After 1483, King Vladislav Jagellon moved into the castle and the complex grew again. New fortifications and watchtowers (the Powder Tower, the New White Tower and Daliborka) were built. The royal palace was further rebuilt and enlarged by the grandiose Vladislav Hall, which is one of the first testimonies of the Renaissance style in the Czech lands.
When the Habsburgs took over the Bohemian throne in 1526, the Renaissance was in full swing in Europe. The seat of power was moved to Vienna and Prague Castle was used mainly for recreational purposes. The royal garden was laid out, and in the 16th century entertainment venues such as the Belvedere and the Ballroom were added. The Cathedral and the Royal Palace were rebuilt. New residential buildings were erected to the west of the Old Royal Palace.
The reconstruction of the castle reached its peak under Emperor Rudolf II, who became King of Bohemia in 1575 and moved his court back to Prague.
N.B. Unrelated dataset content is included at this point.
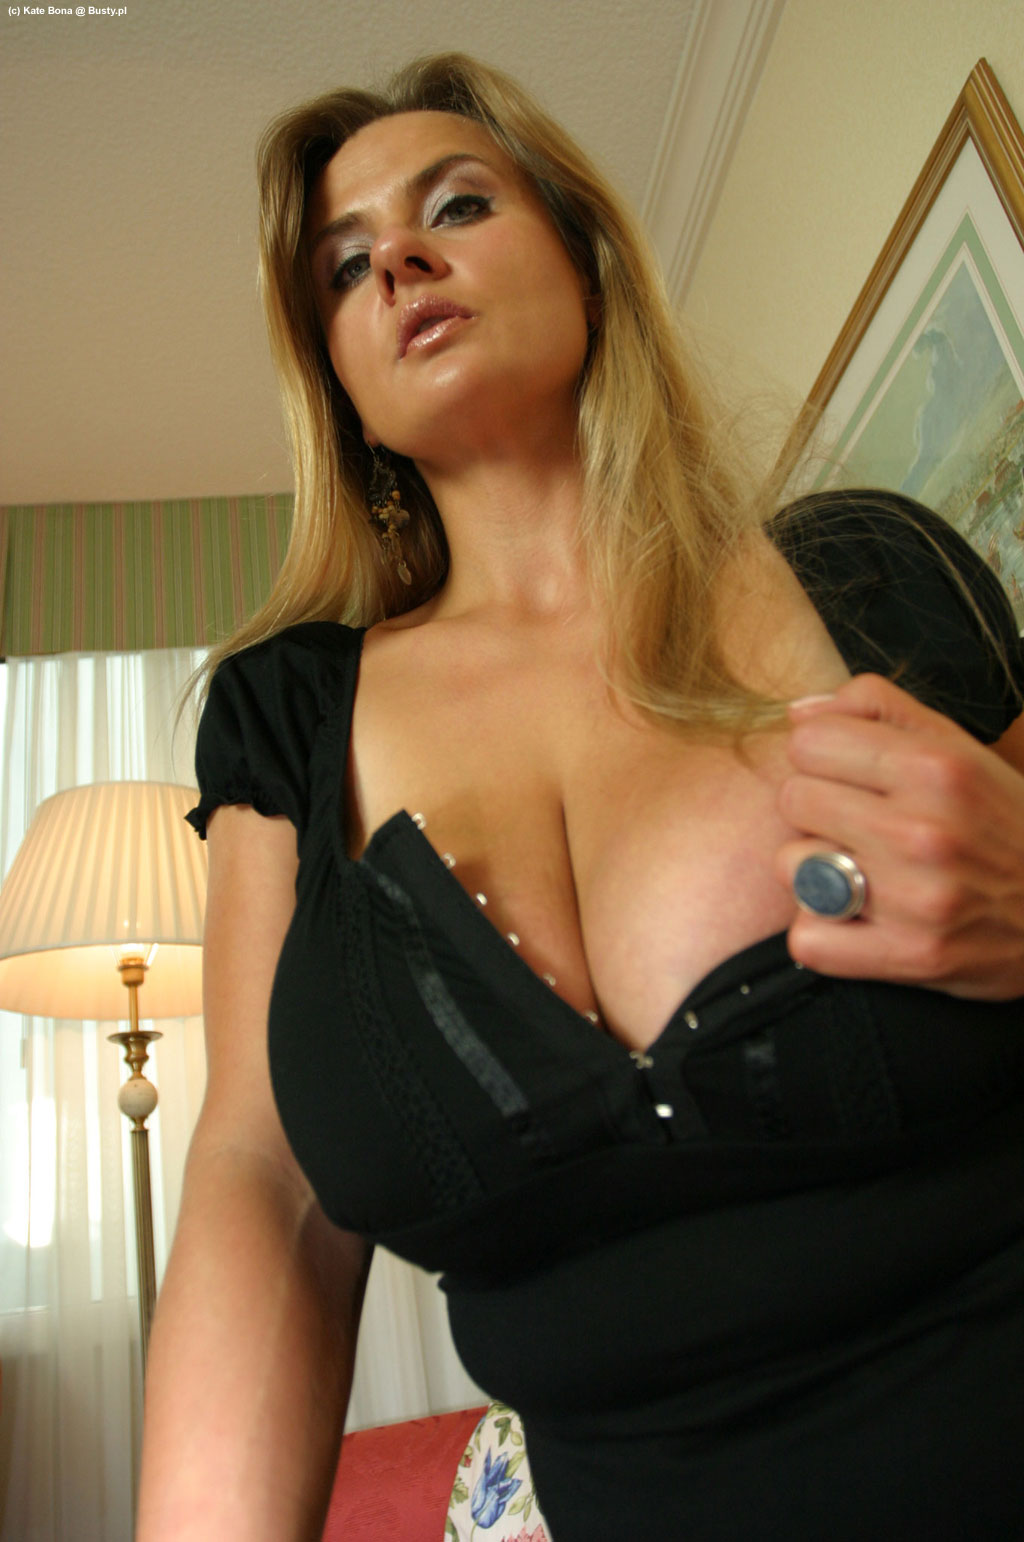 Golden Polish jumprope busty web free boobs need someone
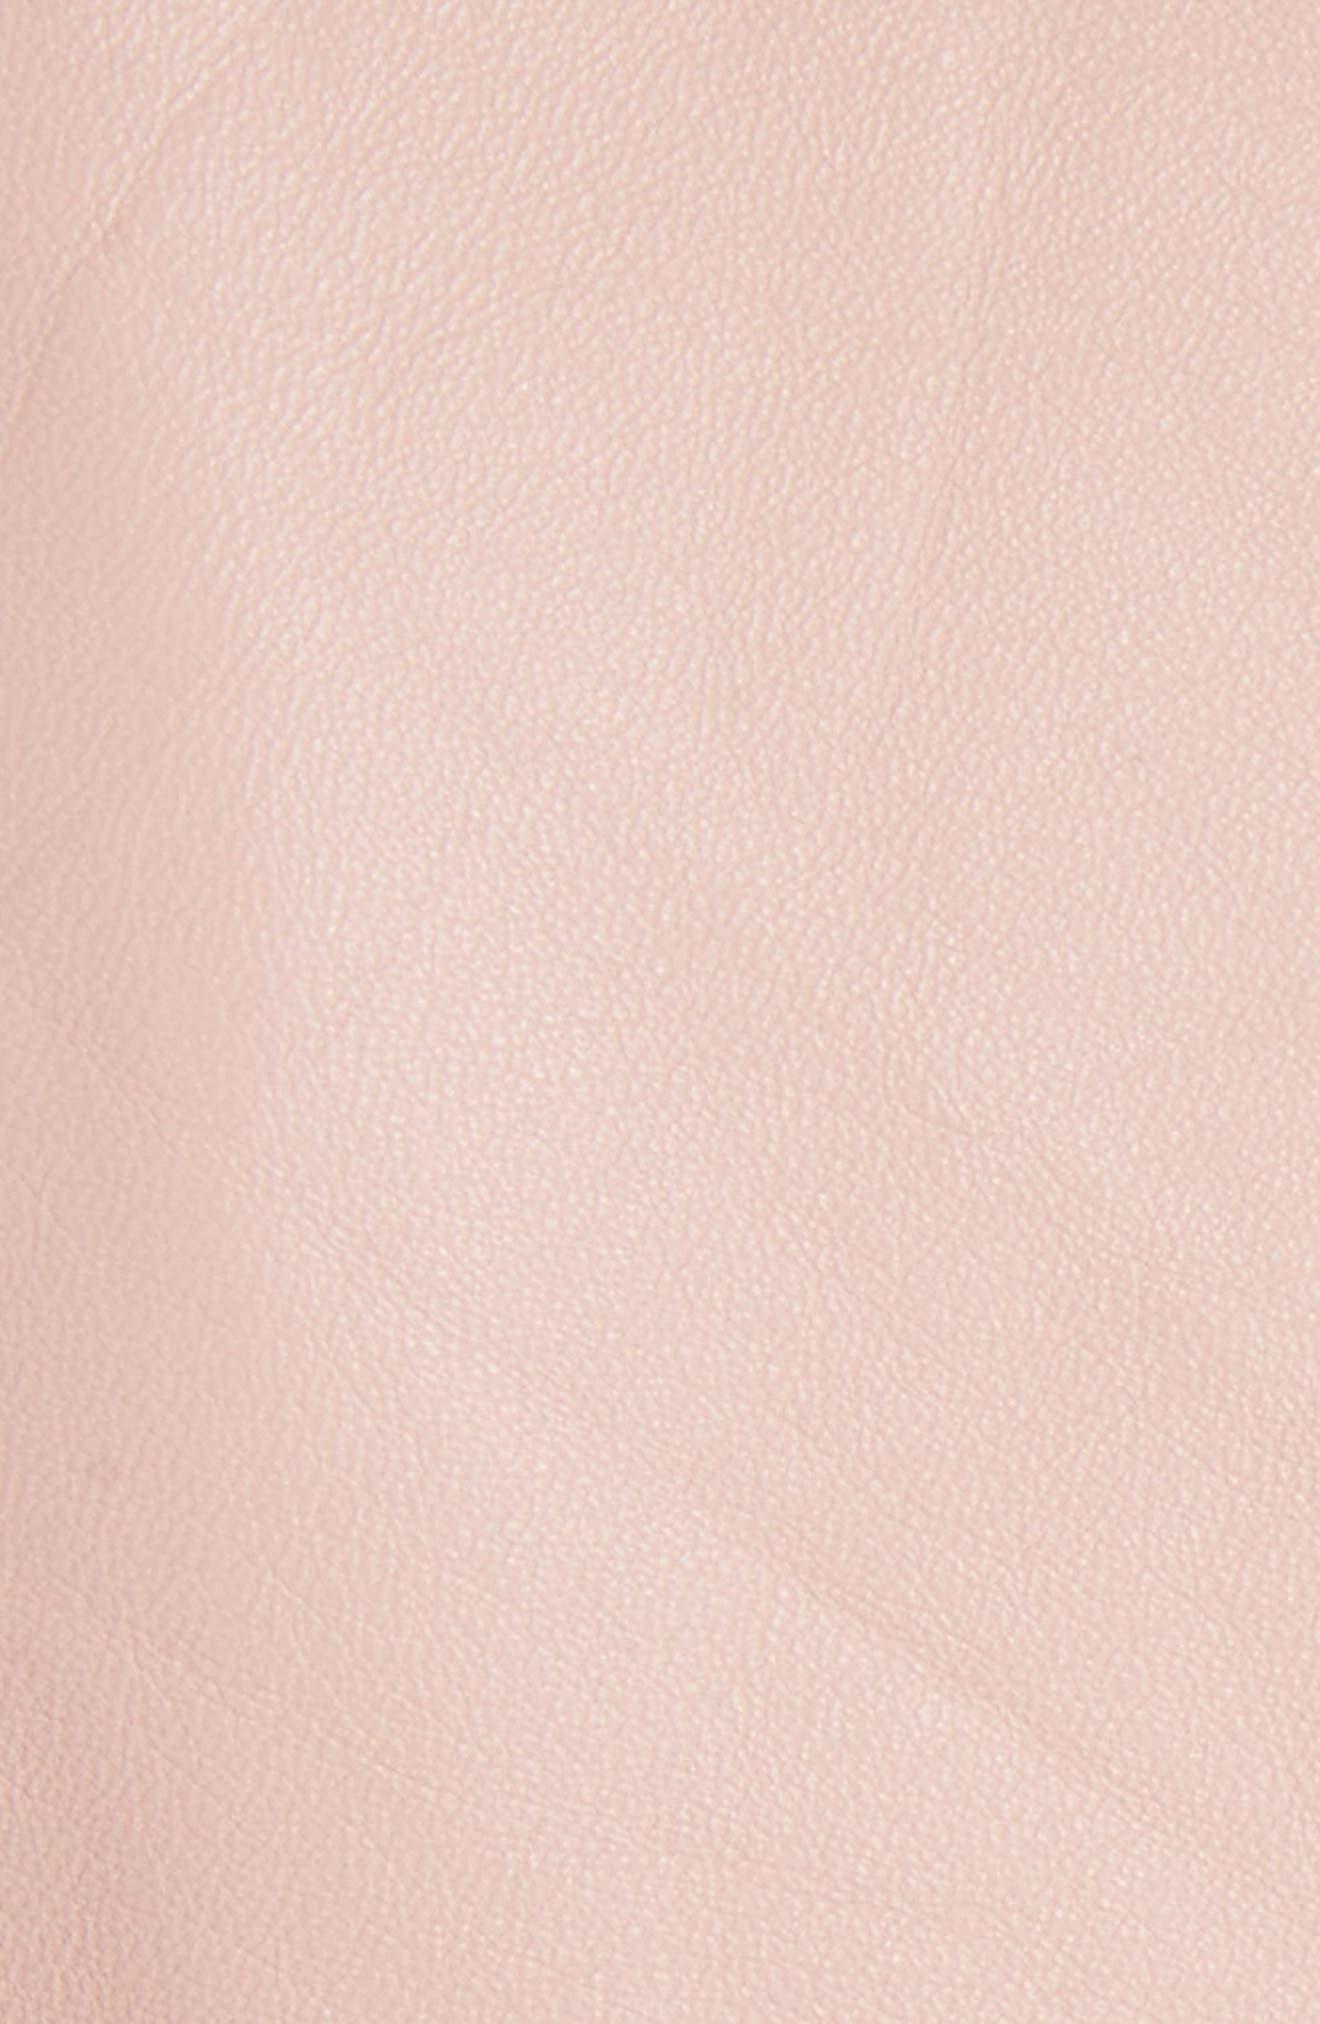 Ruffle Trim Leather Jacket,                             Alternate thumbnail 5, color,                             Rose Hip

He wanted to transform the castle into an elegant center of power that would attract foreign artists, scientists and diplomats. The north wing of the palace and the Spanish Hall were added to house the emperor’s extensive art and science collections.
The Defenestration of Prague in 1618 ushered in a long period of wars in which Prague Castle was damaged and looted and rarely served as a seat of power.
The last major reconstruction of the castle took place in the second half of the 18th century, when it took on the style of a castle. However, the seat of power was once again in Vienna and the castle continued to deteriorate.
In 1848, Emperor Ferdinand V moved to Prague Castle. The Holy Cross Chapel in the Second Courtyard was rebuilt, the Spanish Hall and the Rudolf Gallery were remodeled.
After the collapse of the Austro-Hungarian monarchy in 1918, Prague Castle became the seat of the first president of independent Czechoslovakia, Tomáš Garrigue Masaryk. Slovenian architect Josip Plečnik was commissioned to carry out some necessary reconstructions. The construction of St. Vitus Cathedral was completed in 1929.
After 1989, many areas of the castle were opened to the public for the first time in history, including the Royal Garden, the Ballroom, the Southern Gardens or the Imperial Stables. Today, Prague Castle is the seat of the Czech President and the most important national cultural monument of the Czech Republic. A number of priceless works of art, historical documents and the Czech crown jewels are kept here.